▶ Work to be completed
In the entries that follow, find the line containing "Banner_Pink Ribbon_PH_FR_385x613.jpg" and the line containing "Vestido Infantil Princesas", then copy exactly everything from the first through the second except the pictures.

▶ Material to process
+-------+

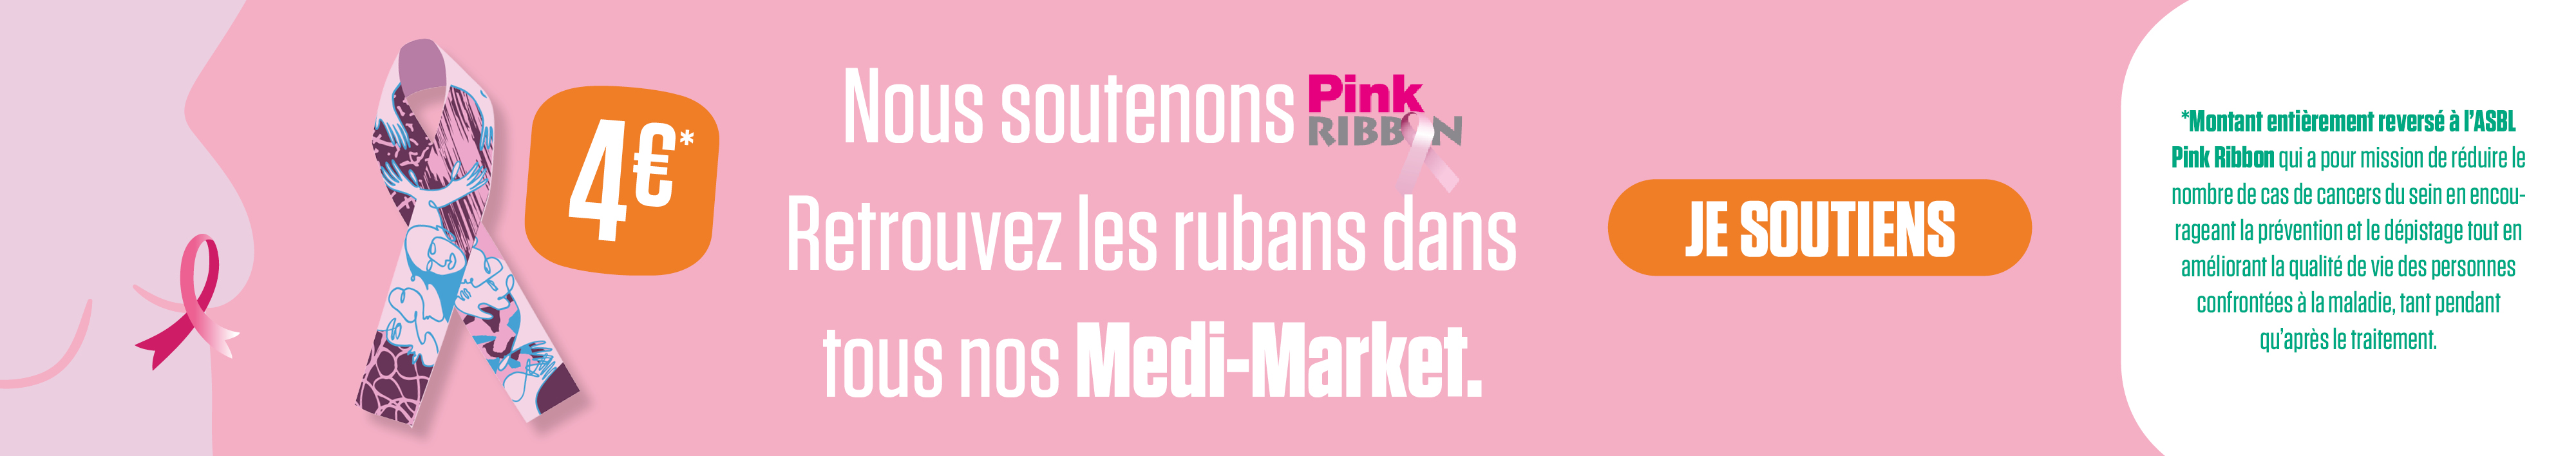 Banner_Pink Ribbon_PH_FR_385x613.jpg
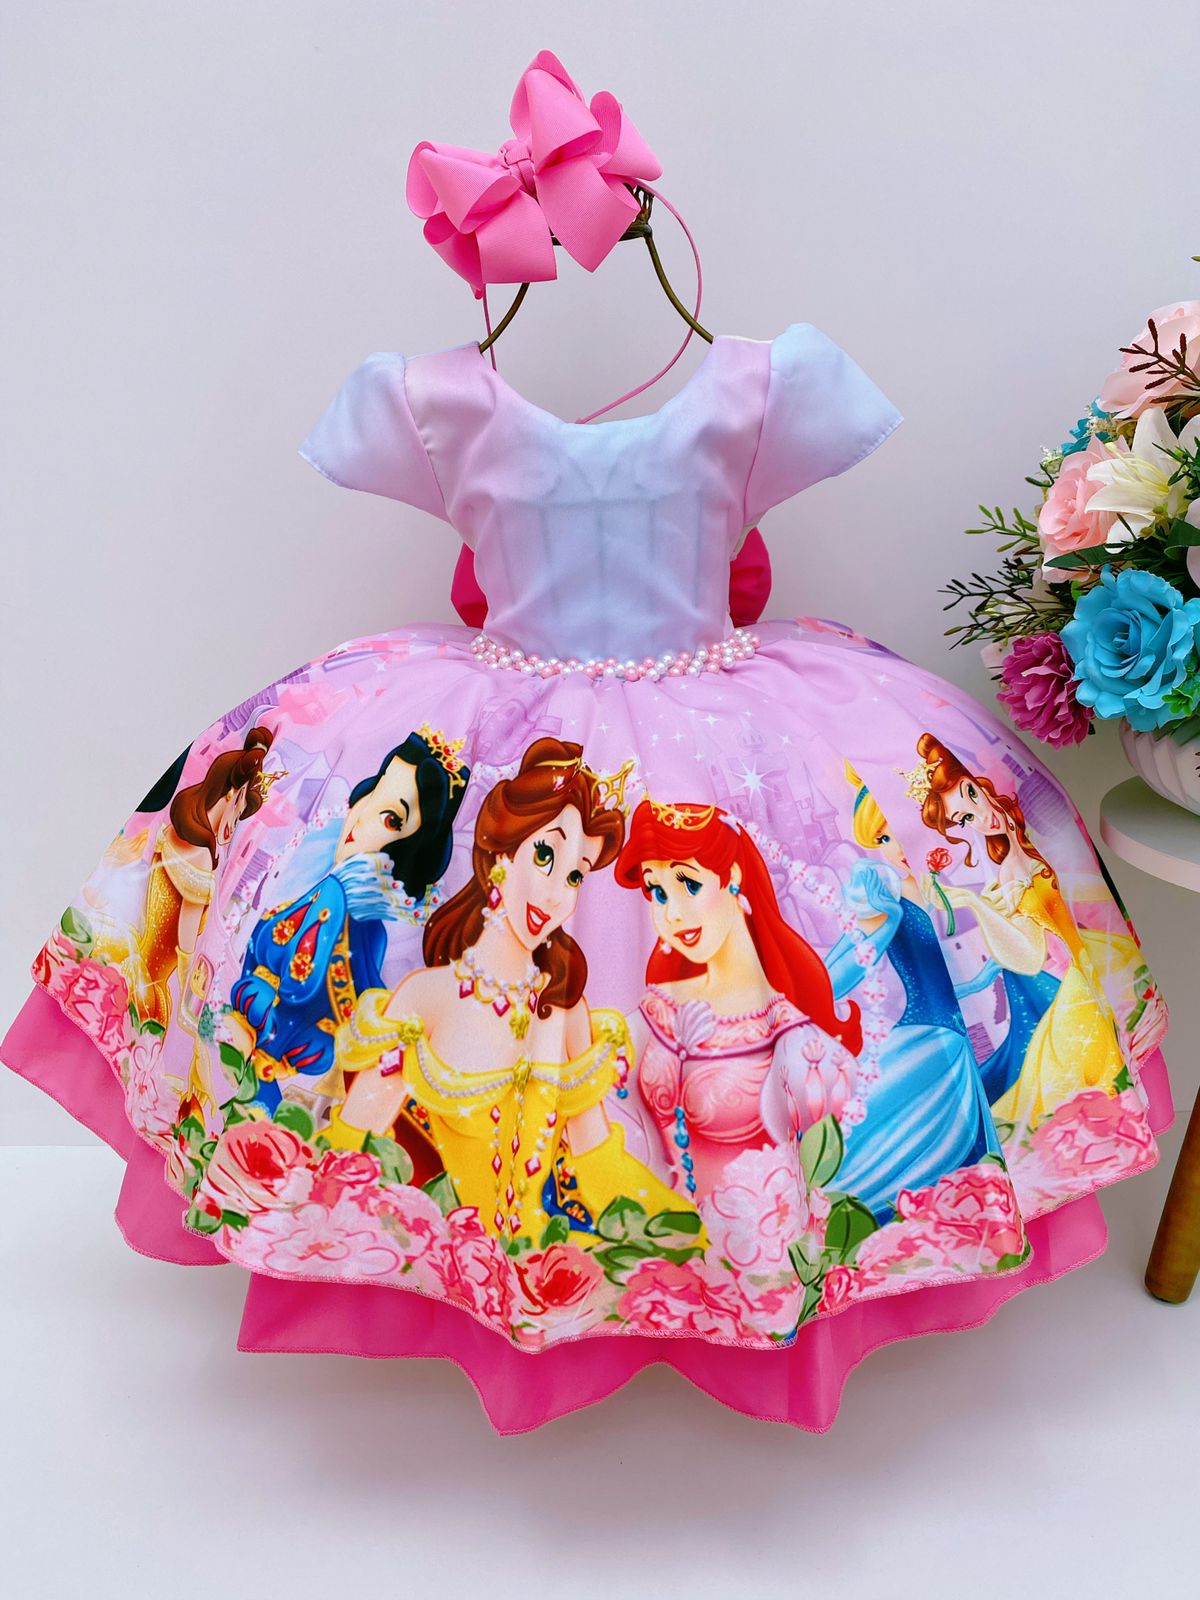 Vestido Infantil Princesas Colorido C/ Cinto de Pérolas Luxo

+-------+

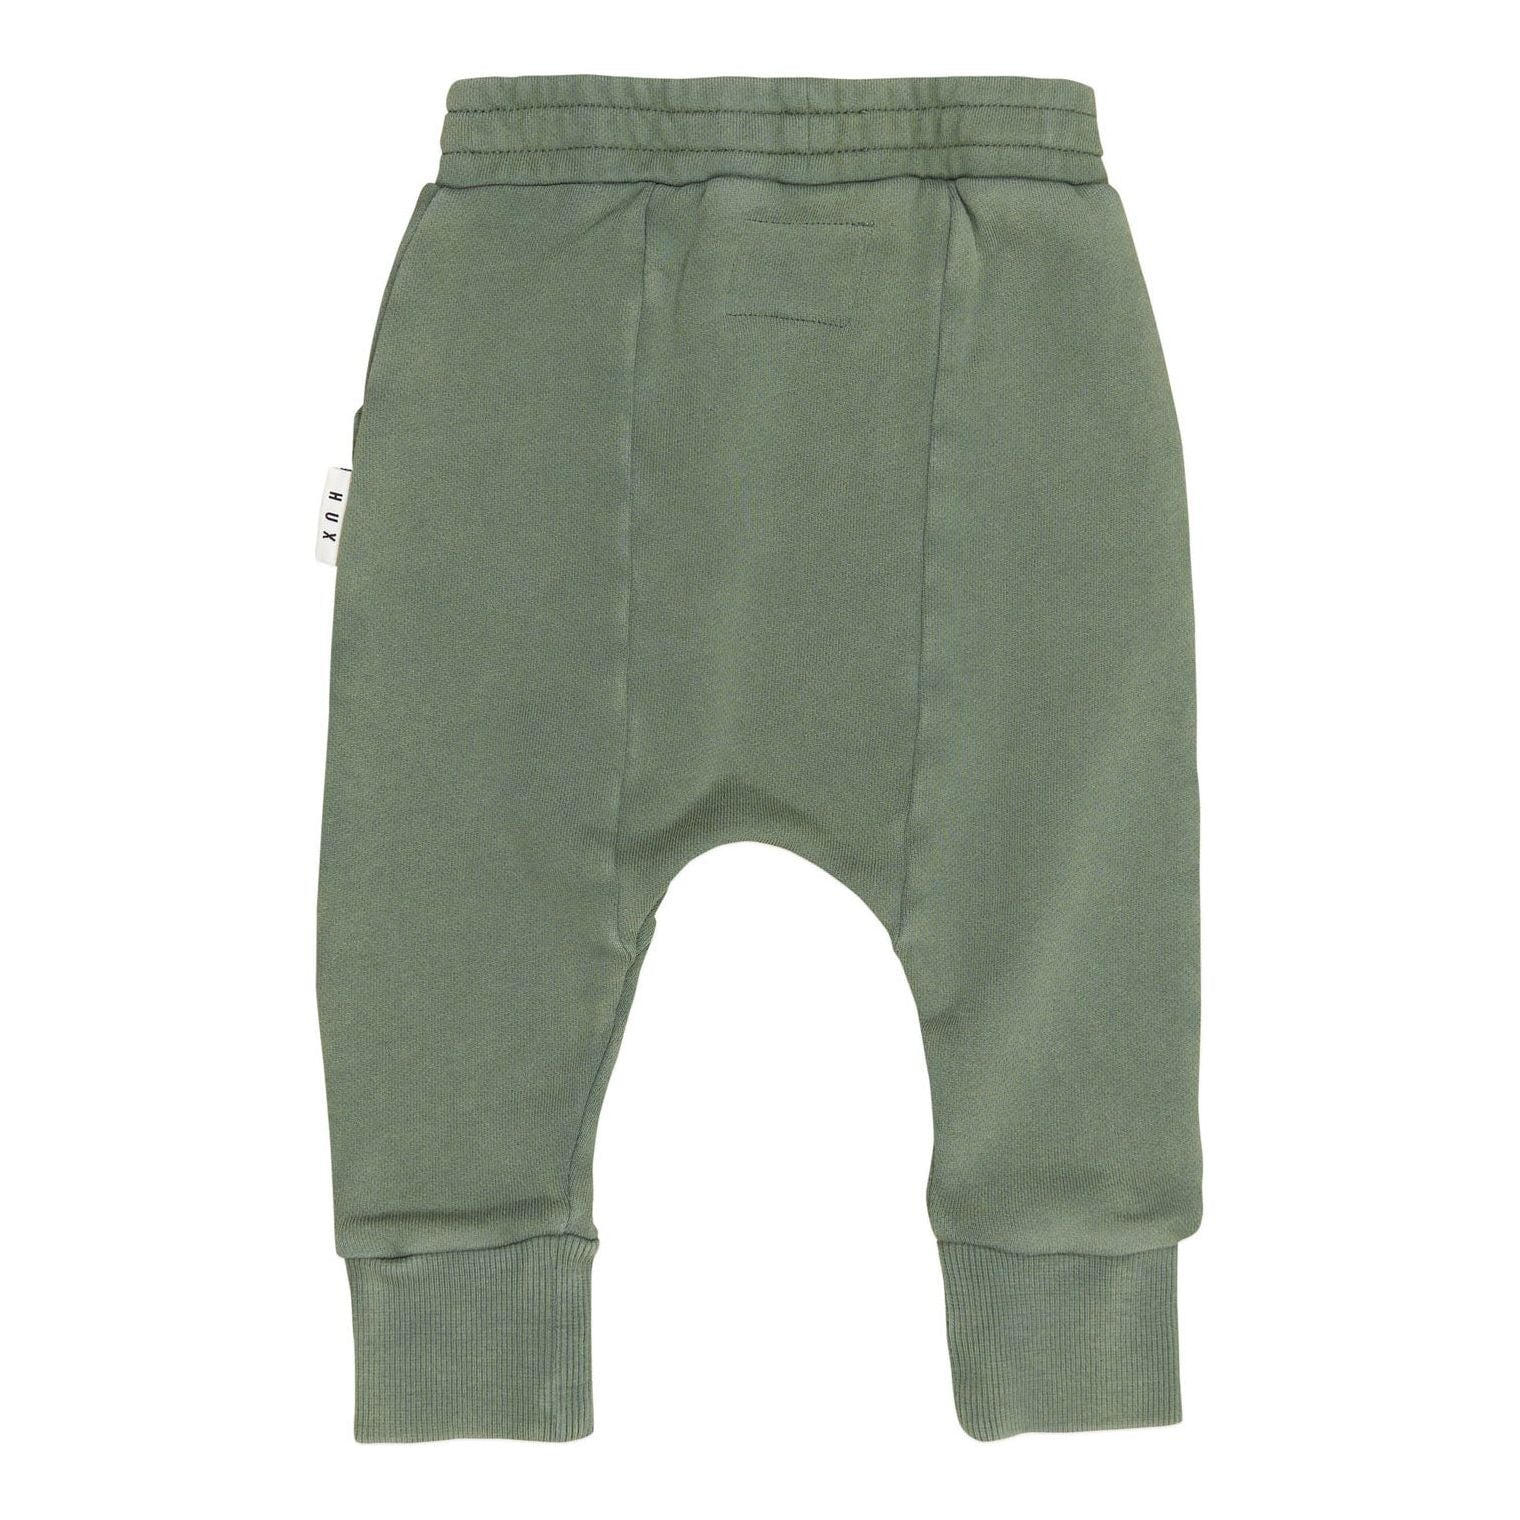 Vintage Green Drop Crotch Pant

+-------+

▶ Exercise output
 Banner_Pink Ribbon_PH_FR_385x613.jpg
 Vestido Infantil Princesas Colorido C/ Cinto de Pérolas Luxo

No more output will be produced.